750 Geophysical Fluid Dynamics (3:3:0) Prerequisite: CLIM 711 or permission of instructor. Introduction to geophysical fluid dynamics, the study of rotating stratified flows. Covers hydrostatics; equations of motion, gravity wave dynamics, and stratified flow; effects of rotation, midlatitude dynamics, Rossby number and quasigeostrophic expansion; beta plane approximation; and equatorial Kelvin and Rossby waves.
751 Predictability of Weather and Climate (3:3:0) Prerequisites: CLIM 711 or equivalent, or permission of instructor. Covers fundamental aspects of weather and climate predictability. Using simple dynamical models, illustrates basic theorems on divergence of trajectories in phase space and fundamental periodicity properties of flow. Explores paradigms of turbulence, barotropic and baroclinic instability, and optimal linear growth to describe fundamental error growth mechanisms.
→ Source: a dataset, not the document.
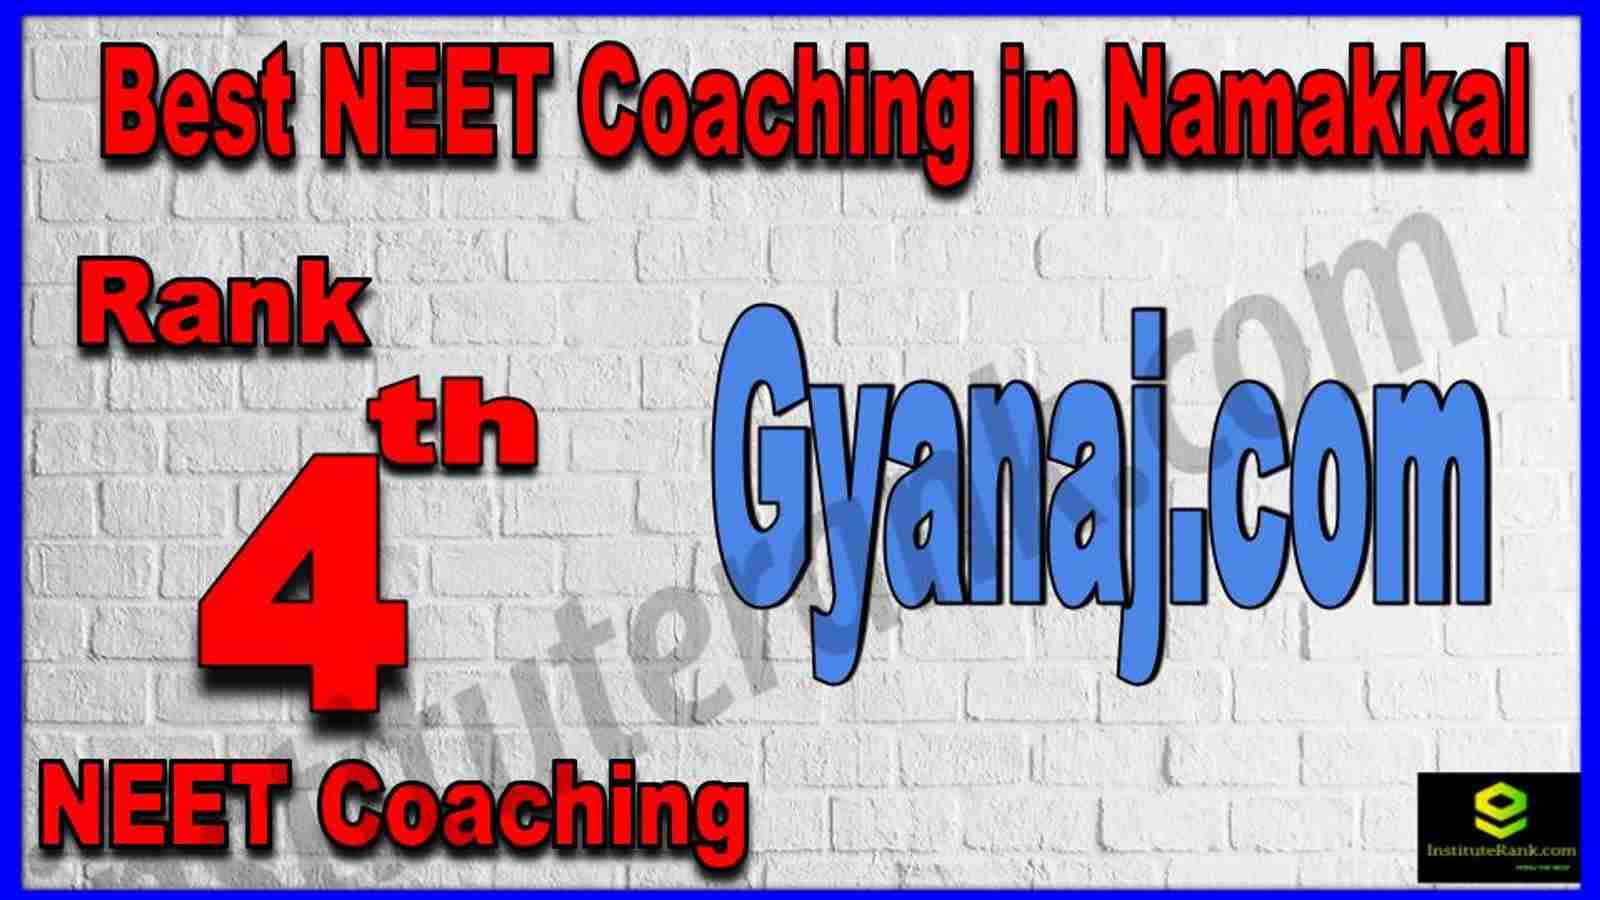 Rank 4th Best NEET Coaching in Namakkal

Examines examples from real weather forecasting systems. Studies predictability of time averages with simple dynamical models and experiments using complex general circulation models and historical data analysis. Emphasizes roles of boundary conditions of sea surface temperature and soil moisture.
752 Ocean Circulation Theory (3:3:0) Prerequisites: CLIM 712 or 711 or equivalent, or permission of instructor. Theory of the large-scale circulation of the worldÕs oceans. Covers Sverdrup theory for large-scale horizontal circulation, role of friction, and nonlinearity; western boundary layer dynamics; quasigeostrophic theory for stratified flow, geostrophic contours, and potential vorticity homogenization; theory of the ventilated thermocline; abyssal circulation.
759 Topics in Climate Dynamics (3:3:0) Prerequisites: permission of instructor. Covers selected topics in climate dynamics not covered in fixed-content courses. May be repeated for credit when offered with different content.
998 Doctoral Dissertation Proposal (1-12:0:0) Prerequisites: doctoral standing and permission of instructor. Covers development of research proposal under guidance of dissertation director and doctoral committee. Proposal forms basis for climate dynamics doctoral dissertation. Course may be repeated as needed; however, no more than 12 credits of CLIM 998 may be applied to doctoral degree requirements.
999 Doctoral Dissertation (1-12:0:0) Prerequisites: admission to doctoral candidacy and permission of instructor. Involves doctoral dissertation research under direction of dissertation director. May be repeated as needed; however, no more than 24 credits total in CLIM 998 and 999 may be applied to doctoral degree requirements.